Keywords : Genotype, Agrobacterium overgrowth, Antibiotics concentration, Vitis vinifera, Cold-tolerance

Grapevine (Vitis spp.) is considered to be one of the major fruit crops in the world based on hectares cultivated and economic value (Torregrosa et al. 2015). Recently, various approaches to improve economically important characteristics in this crop has comprised genetic engineering, by which transgenic grapevines have been obtained in a stream (Iocco et al. 2001; Kim et al. 2013; Li et al. 2006). However, few efforts were involved in developing the event with enhanced cold-tolerance that is a primary characteristics in grapevine cultivation (Jin et al. 2009; Sun et al. 2016). Coldness like other abiotic stresses has adverse effects on the growth and development of grapevine plants (Wang and Nick 2017). A table grapevine ‘Kyoho’ is generally less cold-tolerant than the American grapevine cultivars derived from an inter- specific hybridization (Sun et al. 2016), resulting in being cultivated in a greenhouse or buried during winter season in Korea. The former leads to increase cost of production while the latter make the scions be vulnerable to soil-borne diseases, especially to crown gall.
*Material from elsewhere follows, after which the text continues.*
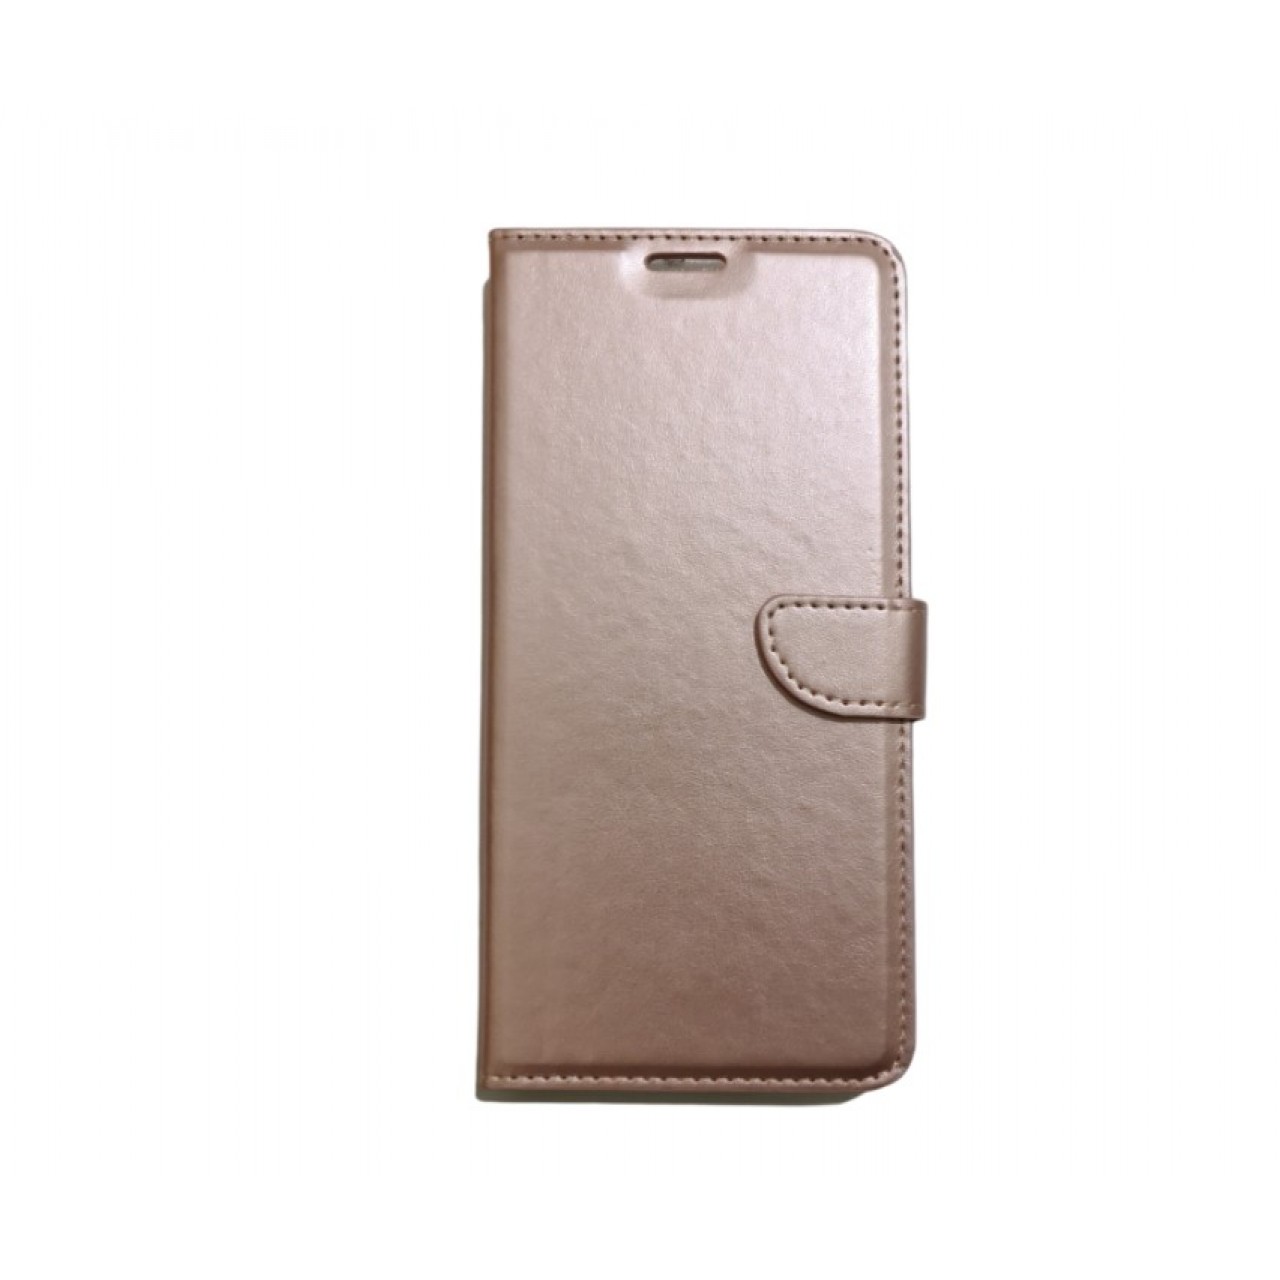 Θήκη Samsung Galaxy A71 PU Leather Πορτοφόλι - 5067 - Ροζ Χρυσό - OEM

Since the characterization of antifreeze protein (AFP) from Antarctic fishes (DeVries et al. 1970), many other AFPs were isolated from Arctic fishes, insects, and carrot at last (Jang et al. 1999; Meyer et al. 1999; Worrall et al. 1998). Functional studies on the AFP of carrot (DcAFP) further revealed the inhibitory effects of its protein on ice growth and recrystallization, which suggests the potential of this gene for crop improvement. Although genetic transformation technology encourages to express DcAFP for cold-tolerance in grapevines, each grapevine genotype crucially demands a deliberate genetic transformation system merged with an efficient in vitro regeneration procedure (Fan et al. 2002; Fan et al. 2008). Of various factors influencing on Agrobacterium-mediated transformation and further in vitro regeneration of transgenic plant, it has been reported that ethylene inhibitors such as silver nitrate and aminoethoxyvinylglycine dramatically improve the transformation efficiency in several plant species (Chi and Pua 1989; Han et al. 2005; Sgamma et al. 2015). Hence, to ascertain the effect of the ethylene inhibitors on Agrobacterium -mediated transformation in grapevine ‘Kyoho’ become one of the goals of this study. Collectively, we here report an Agrobacterium-mediated genetic transformation system optimized for grapevine ‘Kyoho’ and the transformants with DcAFP obtained as applying the improved system.

Materials and Methods

Plant materials

For isolation of carrot antifreeze protein gene (DcAFP), seeds of carrot (Daucus carota cv. Socheon) (Asia Seed Company, Seoul, Korea) were germinated under a 16/8 h (day/night) at 27°C. On the other hand, in vitro stock plants of grapevine (Vitis vinifera) ‘Kyoho’ were obtained via shoot tip culture using the methods by Kim et al. (2013) and Monette (1985). Briefly, the distal parts about 3 cm long were detached from rapidly growing shoots in the spring and surface-sterilized by submersion in 3.0% sodium hypochlorite solution for 10 minutes, followed by rising them with sterile distilled water. Each shoot tip with several leaf primordia was excised after removing individual leaf scales, then placed on the MS medium (Murashige and Skoog 1962) with 1 mg/L BA (Sigma-Aldrich, USA), 30 g/L sucrose (Duchefa Biochemie, The Netherlands), and 8 g/L Plant Agar™ (Duchefa Biochemie). When the explants developed a shoot about 2 cm long and four to five well expanded leaves, they were transferred to the multiplication medium consisted of MS, 1 mg/L BA, 0.1 mg/L IBA (Sigma-Aldrich), sucrose 30 g/L, 10 g/L Plant Agar™. Leaf discs from the multiplied shoots were excised and used as an explants for Agrobacterium- mediated transformation experiments.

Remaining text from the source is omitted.